Take it From Dr. Mitch

  • by Korina Jochim
  • 5.1.05
  • page 2 of 6


Korina Jochim: AIM uses the very sensitive PCR DNA test to screen for HIV. Why do you use this particular test?

Sharon Mitchell: The HIV ELISA test [which is the standard test] typically has anywhere from a six-week to a six-month window period, which is an ideal test for someone with five sexual partners a year, maybe less. If you have upwards of five to seven sexual partners a year, you need a more definitive test. AIM specializes in the PCR DNA test as a monitoring system for the porn industry. These methods don’t eliminate HIV … We pick up HIV at 10 to 12 days old. These tests are only as good as the day they’re drawn. We offer these tests for under $100, and the results come back the following morning.

Why do you think the PCR DNA test isn’t the standard test for HIV?

It’s not the standard because the government seems to be very happy with the antibody methodology, and I don’t know why. I have no earthly idea.

Despite how educated the gay community is, HIV infection rates are rising and this trend is continuing, according to the Centers for Disease Control and Prevention. Why do you think this is, and how should it be addressed?

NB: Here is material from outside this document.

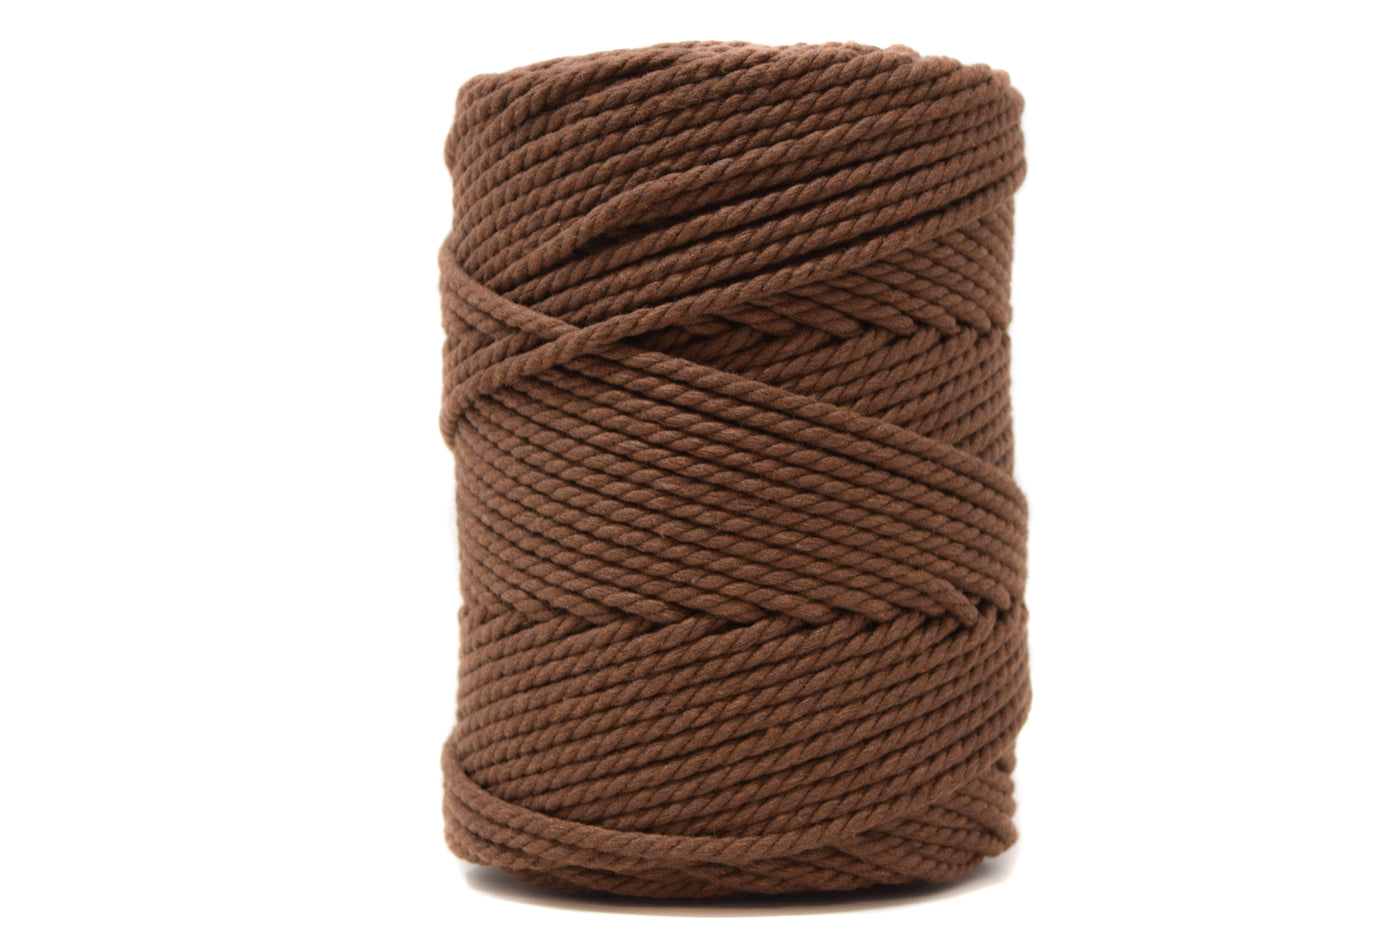 COTTON ROPE ZERO WASTE 3 MM - 3 PLY - CHOCOLATE COLOR

Granted, the gay community is more aware than most. [But] awareness has nothing to do with denial. People don’t want to think about it, or what’s even worse is that there’s so many advertisements for drugs and cocktails, and combining them into all one pill, that people think, “Oh, if it happens to me, I’ll just take a pill.” I think denial is a big part of it. What I’ve done here at AIM is to take a population and give them regular testing. If we were to take all this fucking money that we’re spending on prevention education, and we can’t say “fuck” and we can’t say this and we can’t say that because of the Bush administration, so all this prevention education can’t get the point across to the people it needs to; we really need to be screening everyone, pretty much mandatory, whether they like it or not, wherever we can. That’s what we need to do. I know that sounds very Byzantine and judgmental, but I really think people left to their own devices and knowing what they know still won’t do the right thing. So I say stick a needle in their arm, give them a PCR DNA test every month. If we were to spend that money and test every single man, woman, and teenager in the country, we would find less infection, be able to give prevention education every single month, which is what we’re able to do here, and we would eliminate [HIV and STDs] just as we’ve done here. [STD infection in the porn population] was about 12% and now it is well below 2%. Plug the [model we use here] anywhere and I believe it would be effective.

Why do you think some people are so afraid of testing?

It’s a civil-rights issue to [the gay community], testing. Confidential testing is almost unheard of in that community because they’re afraid to share results; they’re afraid to admit their results to one another because they have suffered unfairly such bad treatment and shame that comes with this diagnosis. And why, I don’t know. Because any clinician knows that [HIV] is no different than any other disease. It’s the way it’s contracted that’s judged. The homophobes out there that are going to be judgmental have played a huge part and have dealt the gay population a bad hand, which is why I think we would have difficulty implementing the mandatory PCR DNA testing every month. Because people would say, “My God, I’m going to lose my job, someone’s going to judge me!” And they have every right to feel that way. It’s become a civil-rights issue, and that’s a shame. Or I’d be testing the gay industry right now, but I can’t, because they’re so terrified that they’re going to be judged and lose money and their jobs.